PROVIDED DATA

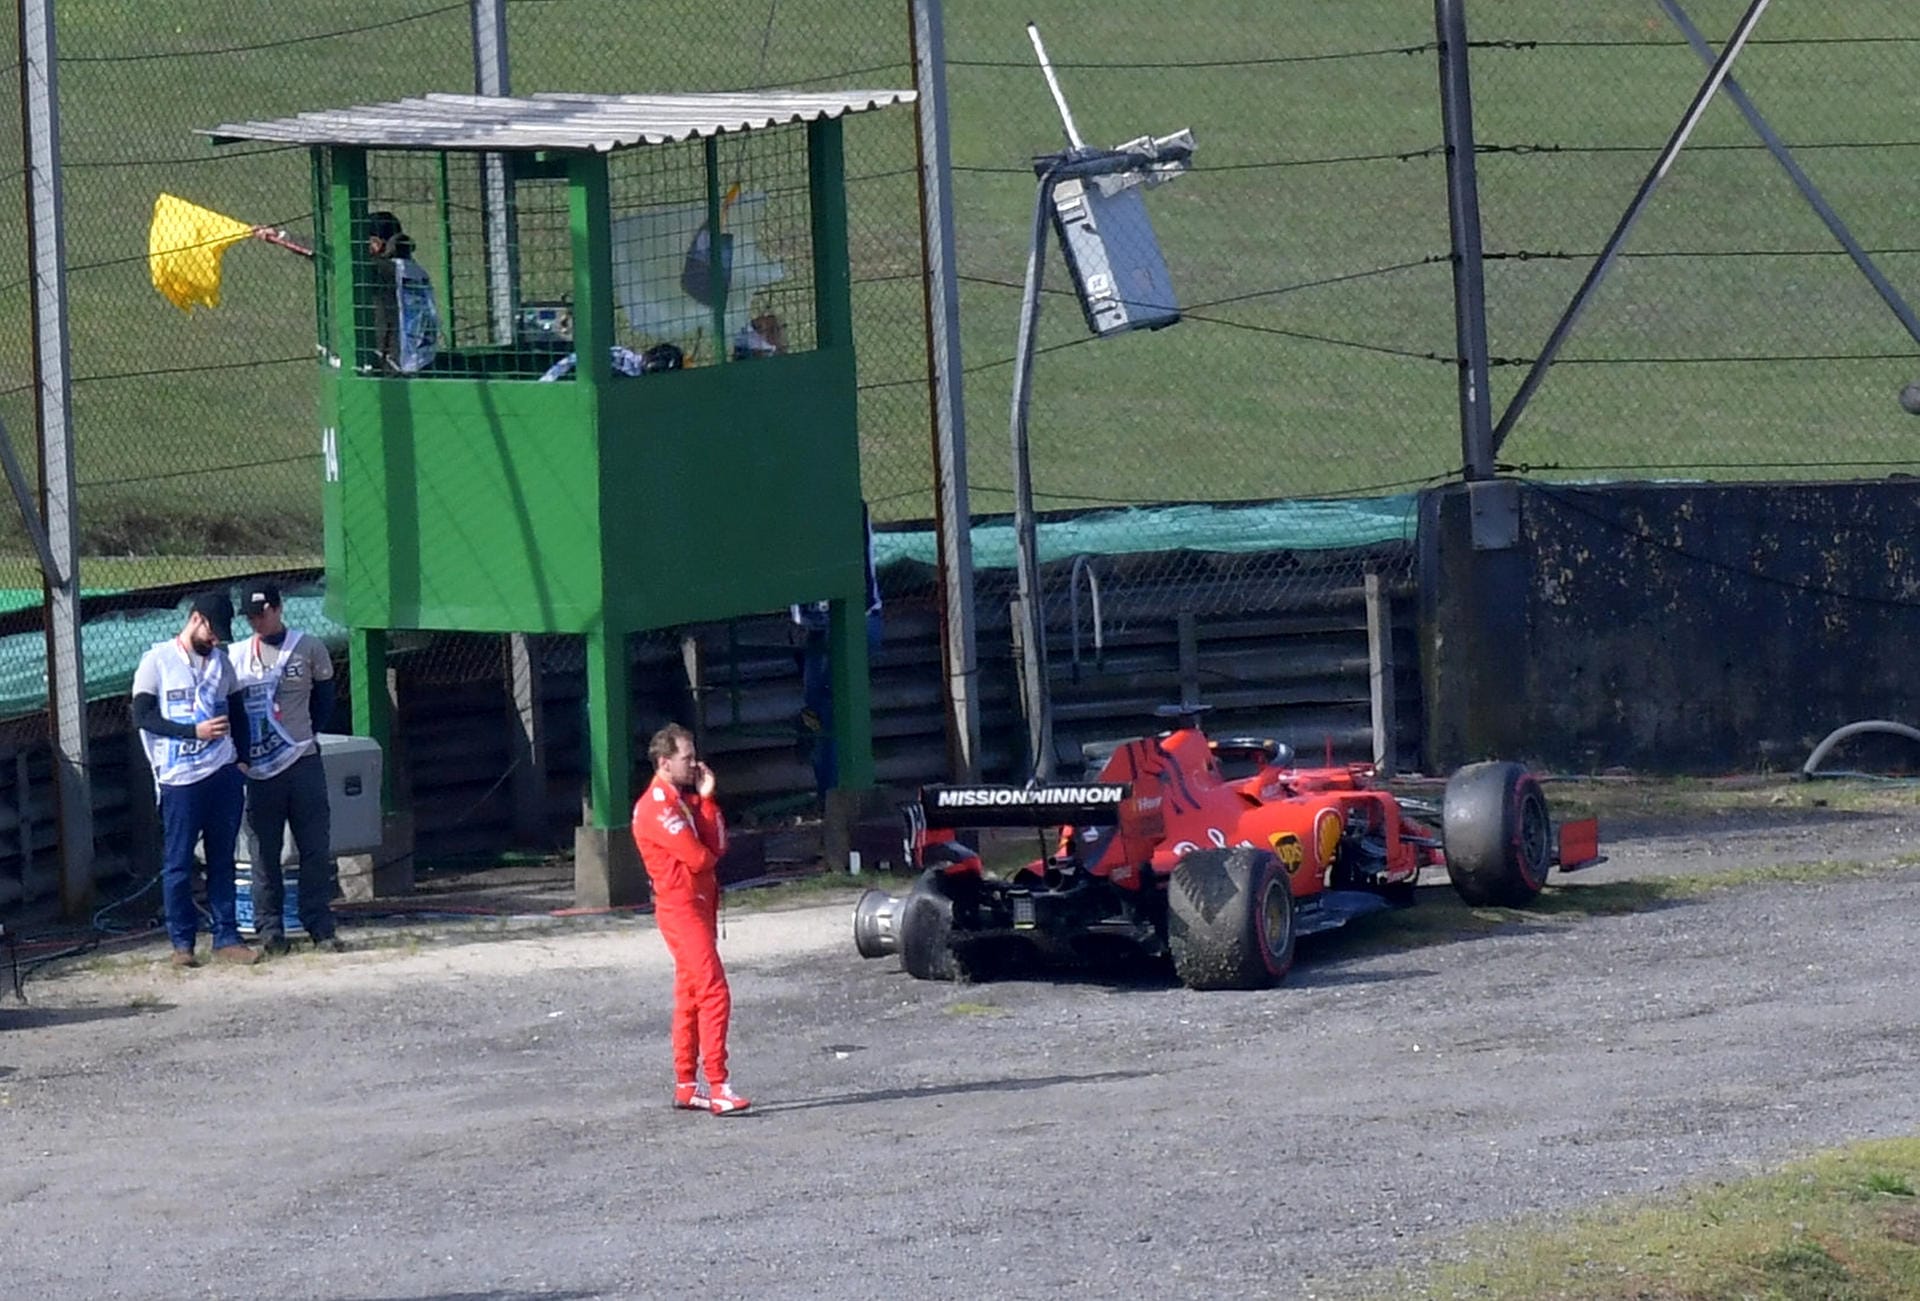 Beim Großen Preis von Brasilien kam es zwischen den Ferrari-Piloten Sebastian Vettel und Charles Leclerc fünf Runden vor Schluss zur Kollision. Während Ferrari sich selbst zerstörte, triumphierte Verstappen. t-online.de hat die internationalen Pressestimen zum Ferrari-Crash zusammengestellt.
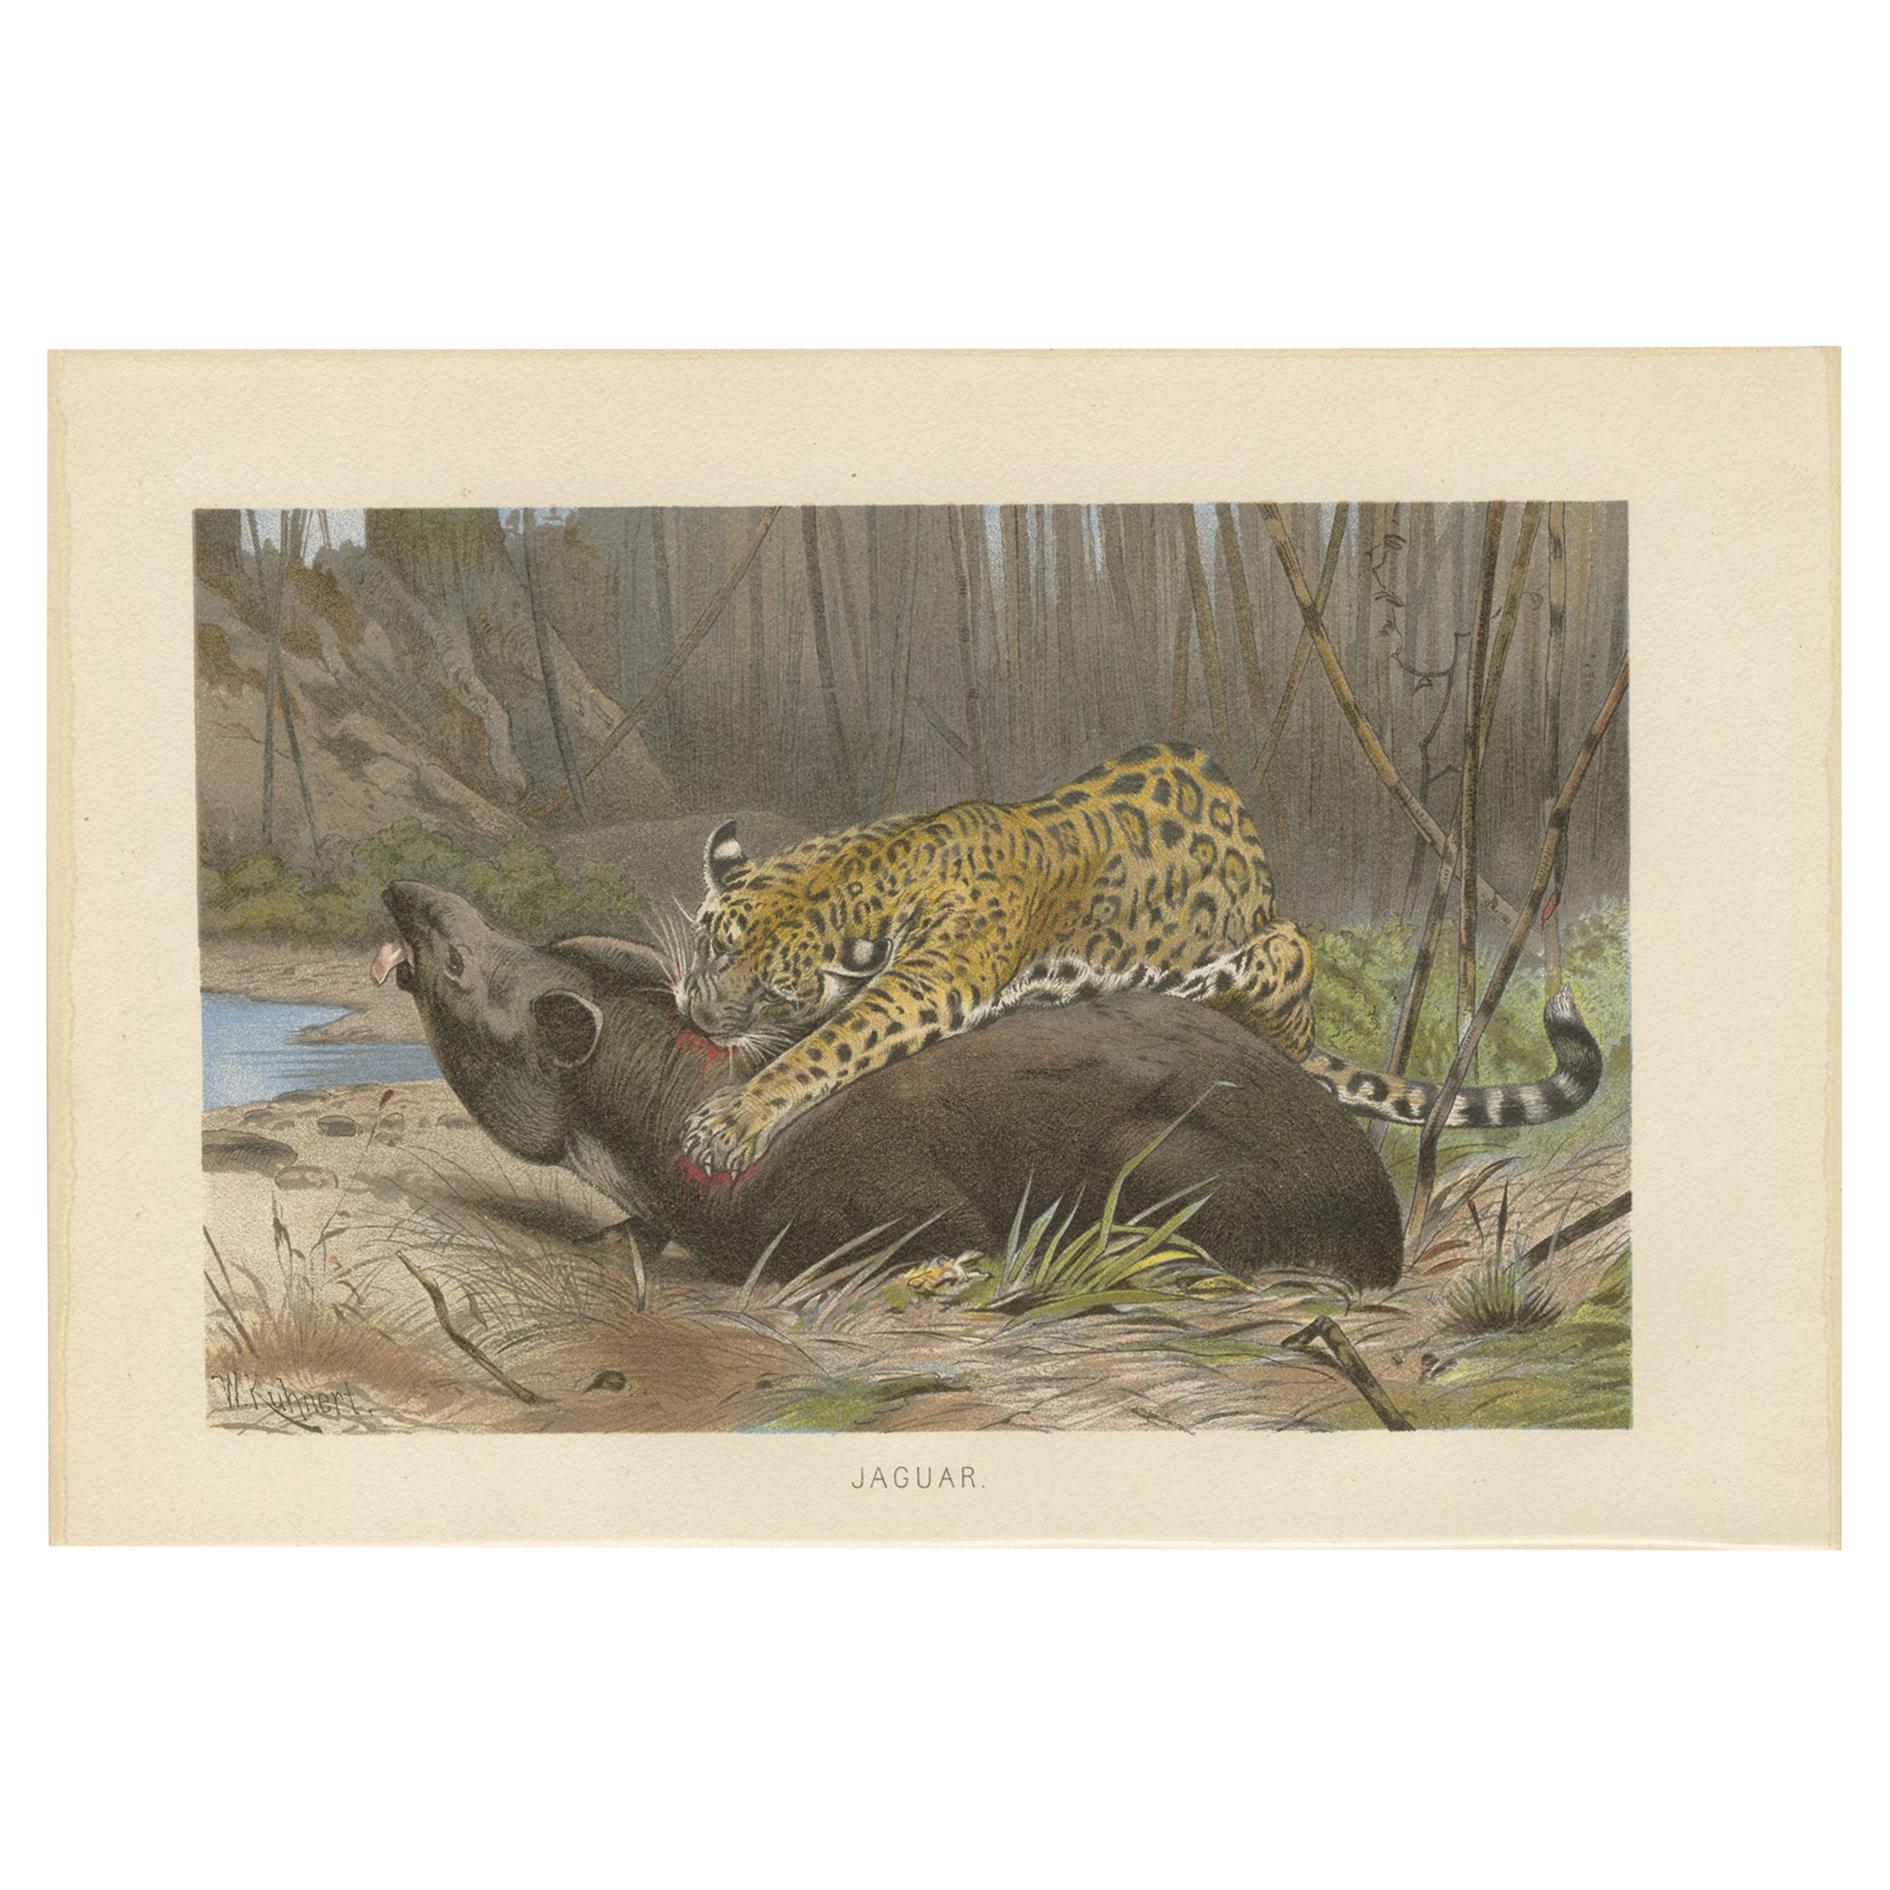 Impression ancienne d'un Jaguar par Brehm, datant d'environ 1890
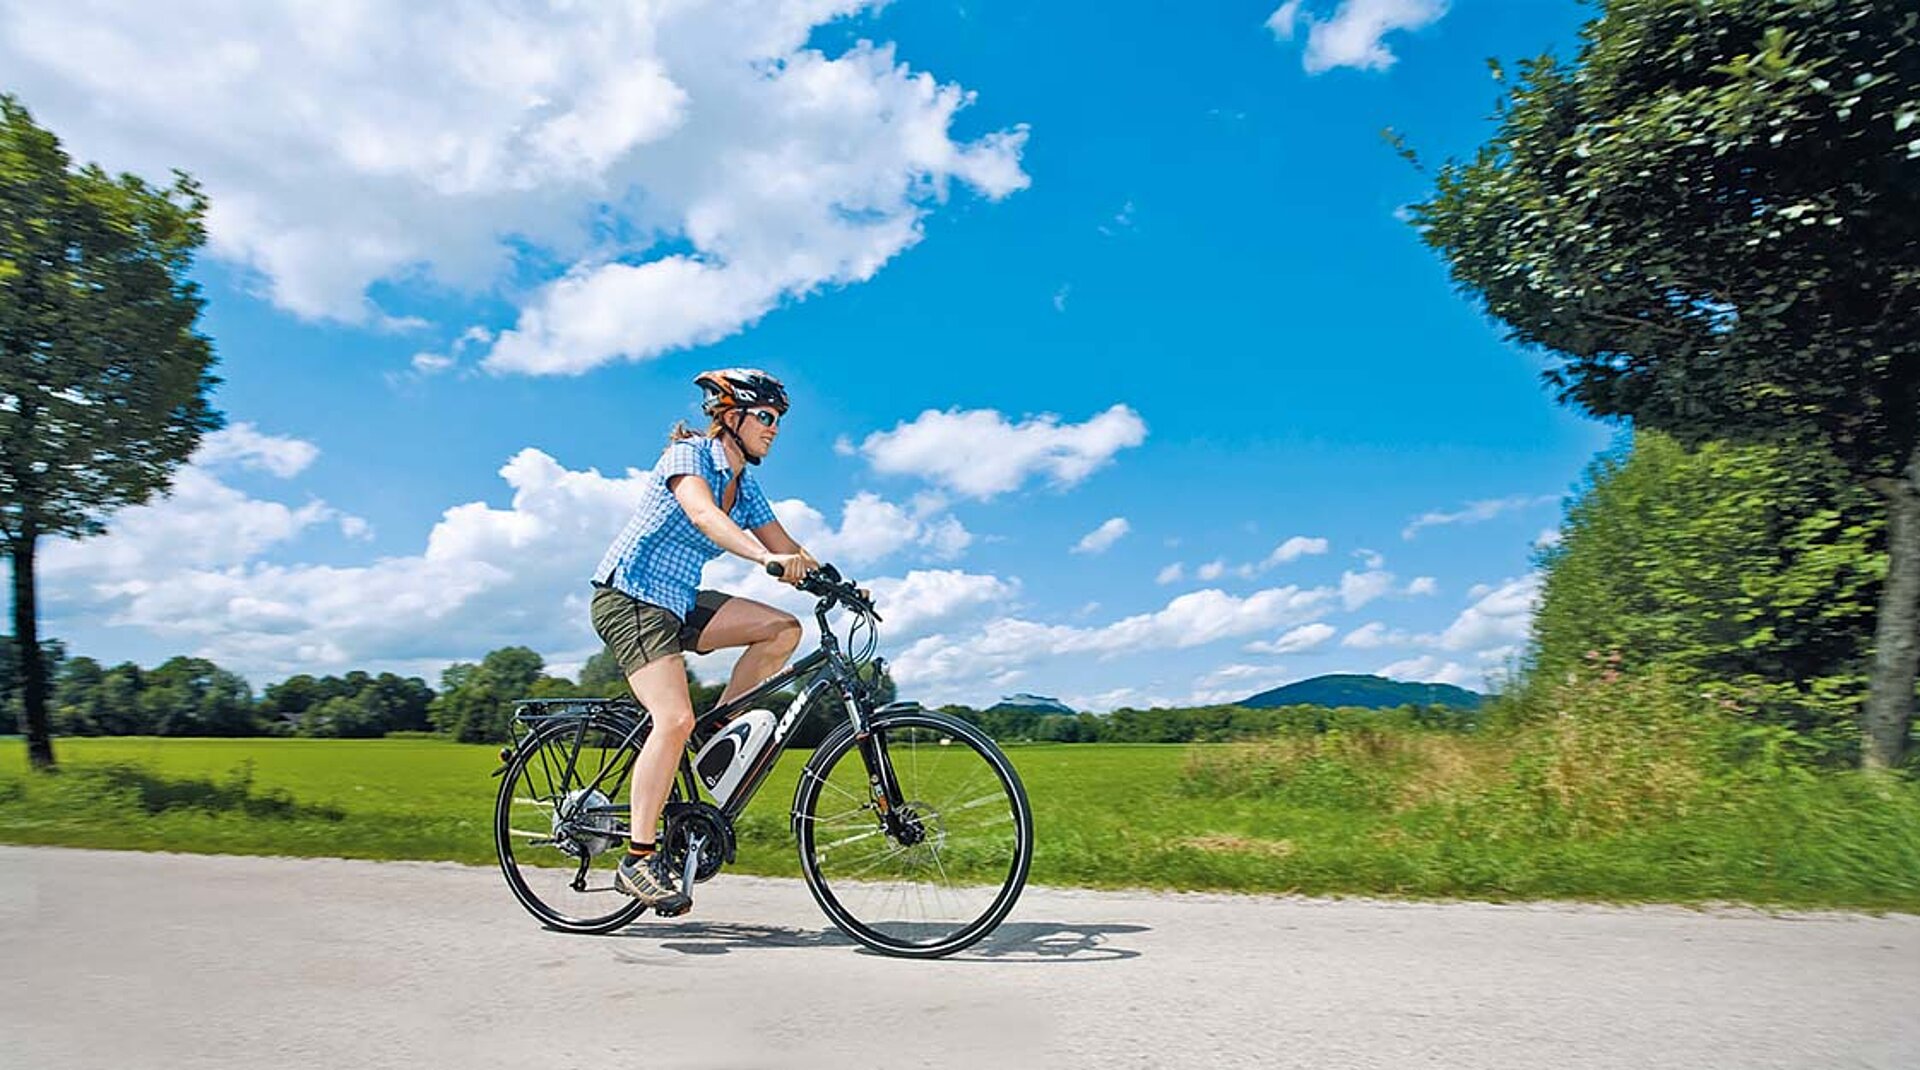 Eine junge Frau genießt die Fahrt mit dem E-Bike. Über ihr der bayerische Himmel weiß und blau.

TASK DIRECTIONS
The whole listing above must be set down again exactly, but without its images.

FINAL ANSWER
 Beim Großen Preis von Brasilien kam es zwischen den Ferrari-Piloten Sebastian Vettel und Charles Leclerc fünf Runden vor Schluss zur Kollision. Während Ferrari sich selbst zerstörte, triumphierte Verstappen. t-online.de hat die internationalen Pressestimen zum Ferrari-Crash zusammengestellt.
 Impression ancienne d'un Jaguar par Brehm, datant d'environ 1890
 Eine junge Frau genießt die Fahrt mit dem E-Bike. Über ihr der bayerische Himmel weiß und blau.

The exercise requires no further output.